St. Gregory reads the narrative of St. Paul’s conversion to be an example for others to follow: we must overthrow pride in our hearts in order to be corrected and healed of our stubbornness and sinfulness by God.  St. Paul’s conversion is a story teaching us the importance of humility in our spiritual sojourn.  We find this same interpretation of the importance of St. Paul’s conversion in the 4th Century writer St. Ephraim the Syrian :

“Thus the heavenly King arrayed Himself in armour of humility, and so conquered the bitter one, and drew from him a good answer as a sure pledge [of victory]. This is the armour concerning which Paul said, that by it we humble the loftiness that exalteth itself against the knowledge of God. For Paul had received the proof of it in himself. For as he had been warring in pride, but was conquered in humility, so is to be conquered every lofty thing which exalteth itself against this humility. For Saul was journeying to subdue the disciples with hard words, but the Master of the disciples subdued him with a humble word. For when He to whom all things are possible manifested Himself to him, giving up all things else, He spoke to him in humility alone, that He might teach us that a soft tongue is more effectual than all things else against hard thoughts. For neither threats nor words of terror were heard by Paul, but weak words not able to avenge themselves: Saul, Saul, why persecutest thou Me? But the words which were thought not even capable of avenging themselves, were found to be taking vengeance by drawing him away from the Jews and making him a goodly vessel.” (Hymns and Homilies of St. Ephraim the Syrian, Kindle Loc. 4704-12)
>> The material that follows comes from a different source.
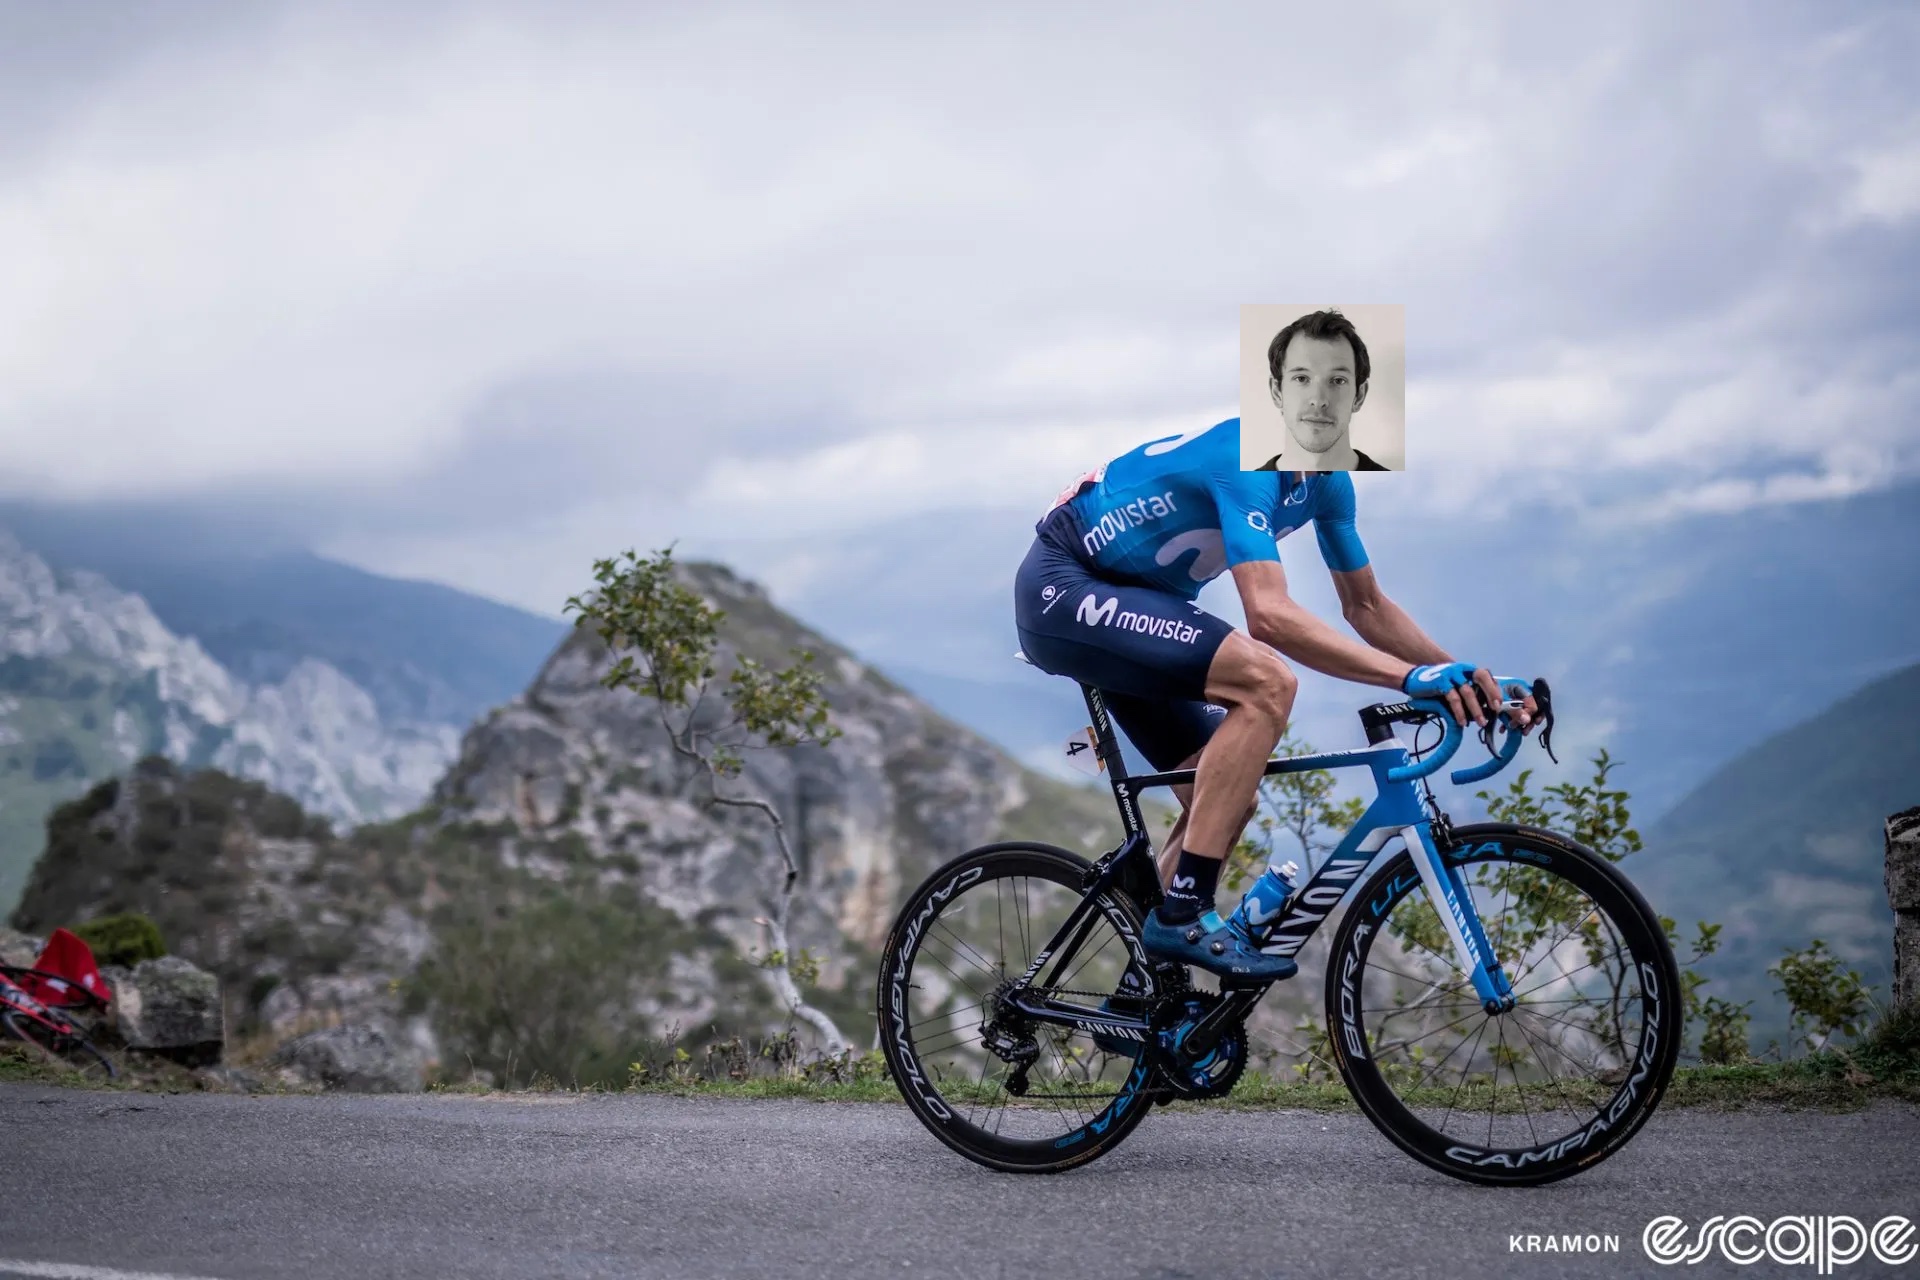 Imanol Erviti rides up a climb in the 2019 Vuelta a España. Andy McGrath's mug is pasted over Erviti's head in a janky Photoshop job.

For St. Ephrem, it is humility which brings about change in St. Paul – the humility of God!  For though Saul was going forth with threats and murder in mind (Acts 9:1) against the Christians, God appears humbly to Saul and never threatens him, but rather speaks to Saul peaceably.  The Lord sees Saul as threatening not the Christians but Himself.  St. Ephrem says it is God’s humility and soft words which lead to conversion and are far more effective against pride and hardness of heart than all forms of threats of punishment.
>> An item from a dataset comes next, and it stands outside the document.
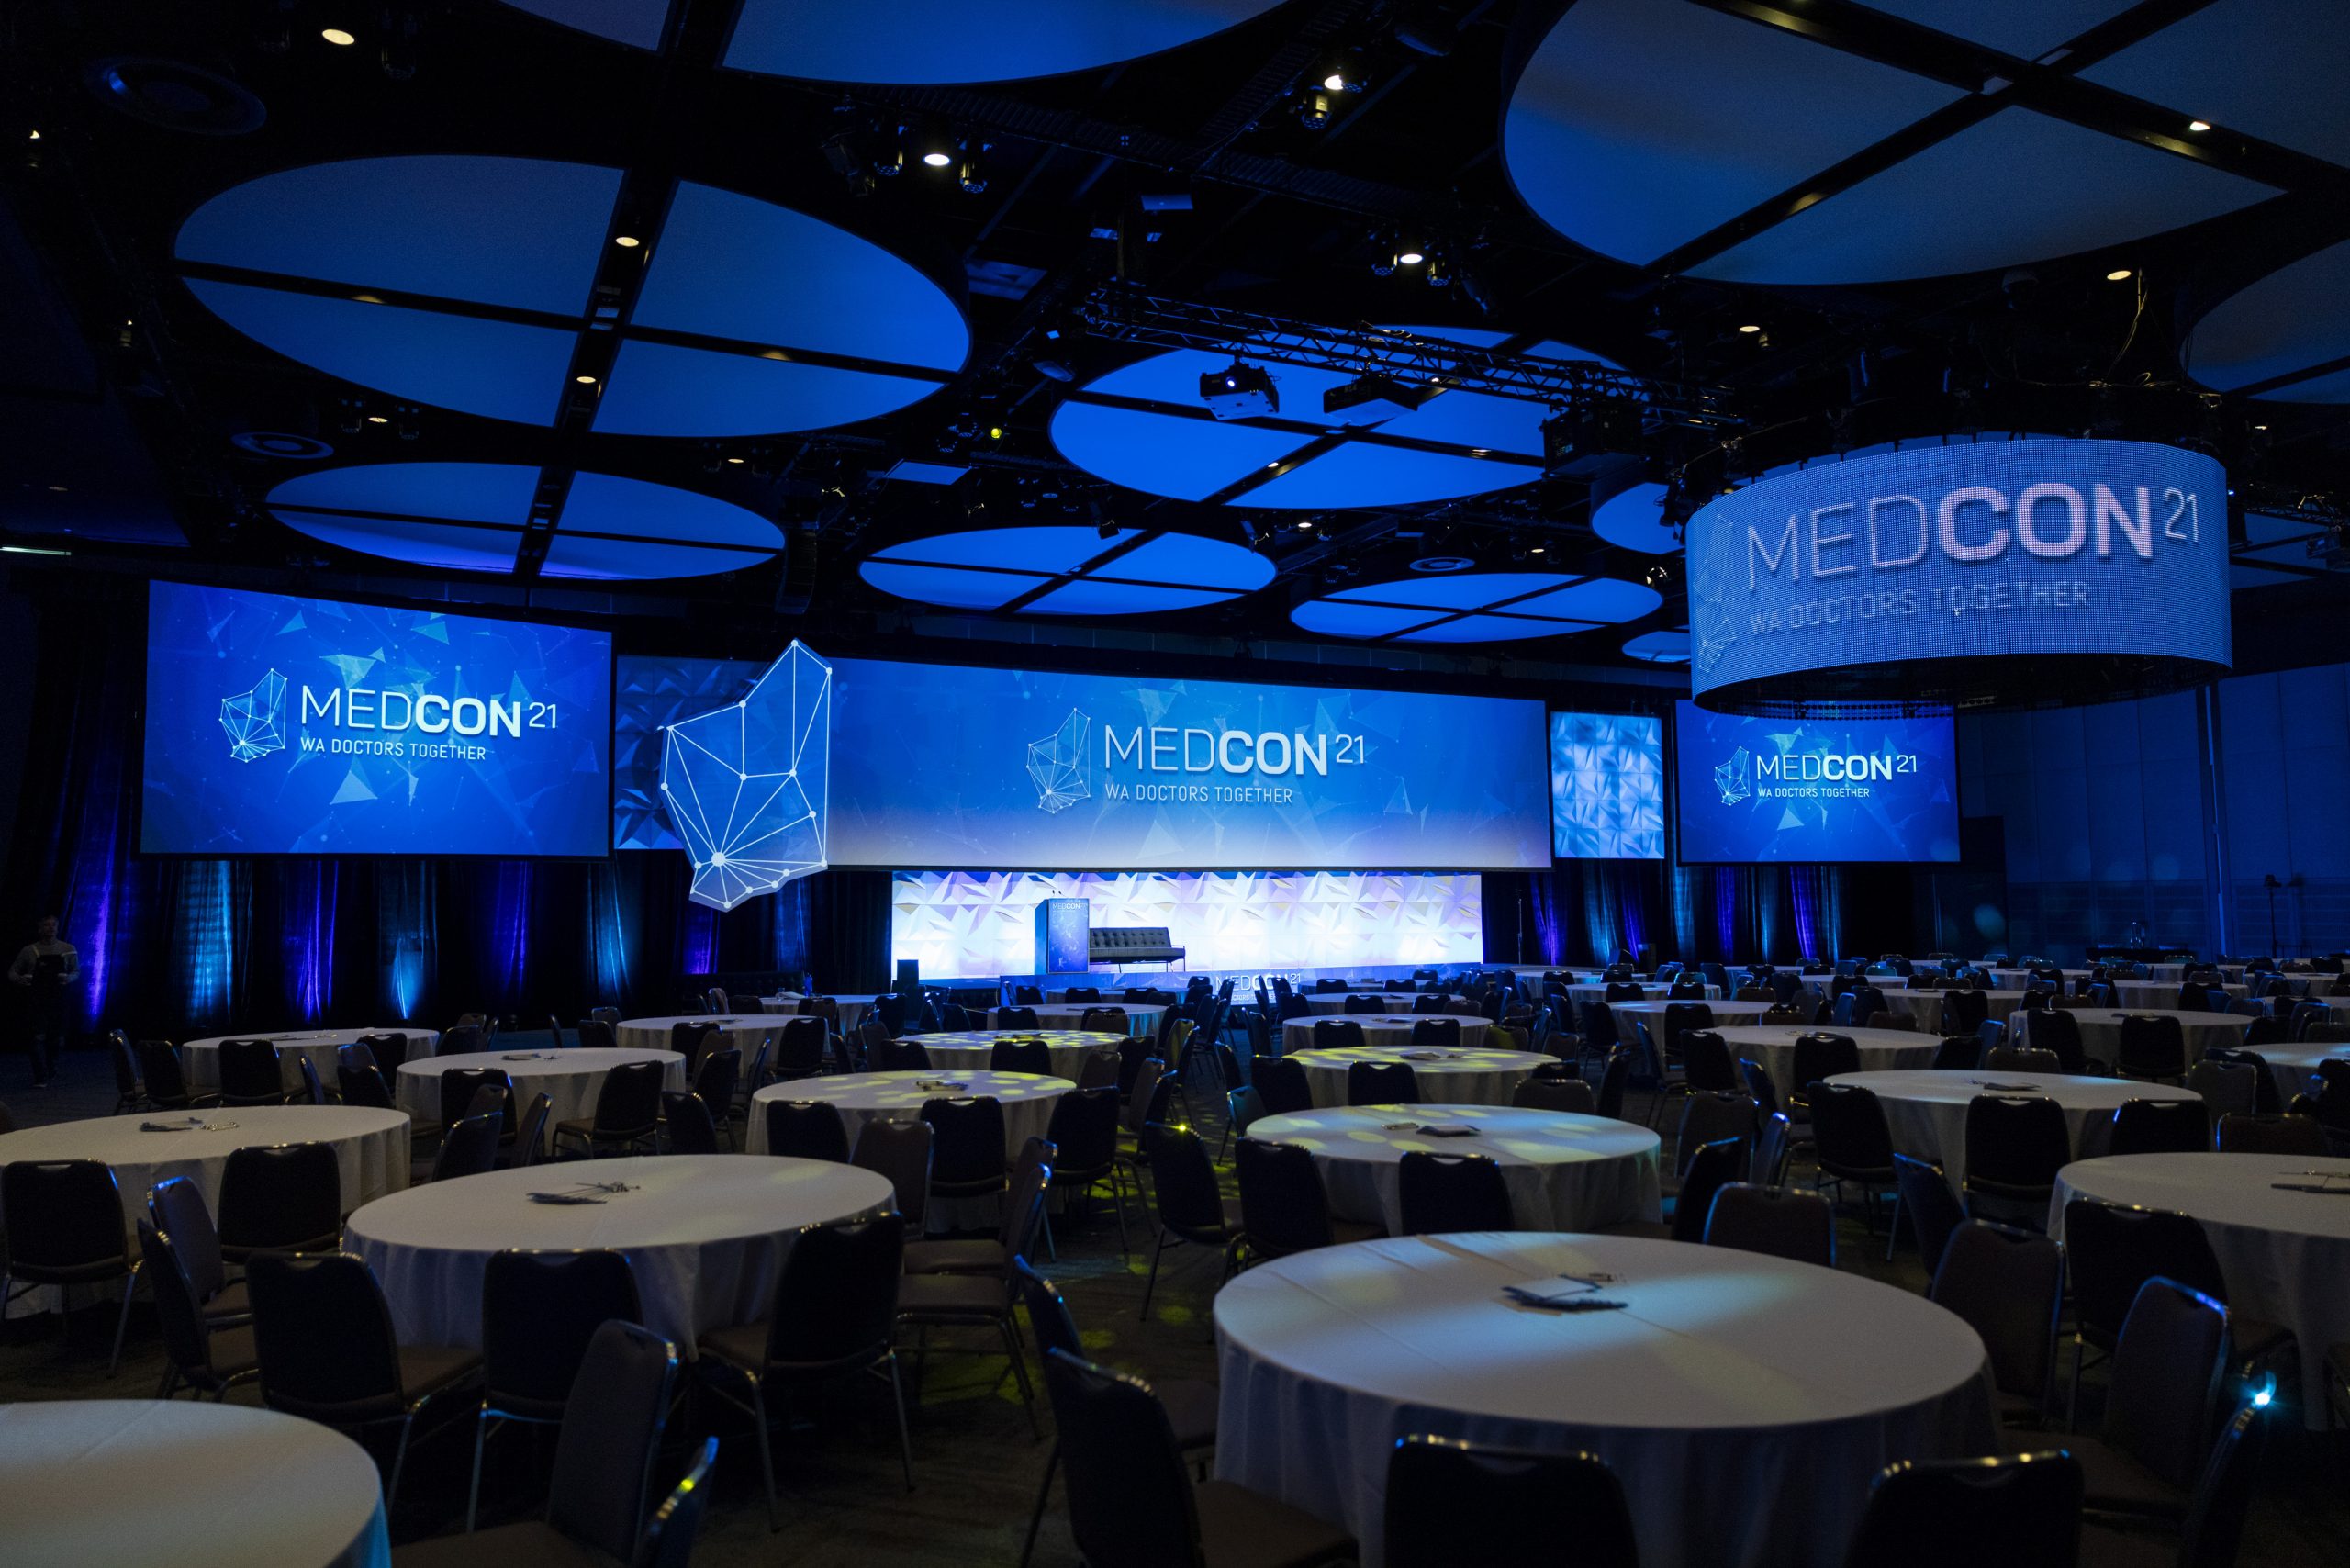 event and conference co medcon21

On this the feast of St. Peter and Paul, we Christians should contemplate God’s own method in bringing about the conversion of St. Paul.   Threats of hell and damnation would best be replaced by our humility and good words to proclaim the Good News.  The Lord asks Saul, “why do you persecute me?”, but never threatens Saul with retribution, retaliation, persecution, terror or punishment.  The humility of our God, His love for humankind is beyond measure.  It is with humility and love (the incarnation!) that God endeavors to convert the hard of heart.  We are to imitate Christ our Lord as we go into the world to proclaim the Good News of salvation.

To all my fellow members of St. Paul parish in Dayton, I wish you a joyous patronal feast day.   Holy Apostle Paul, pray to God for us!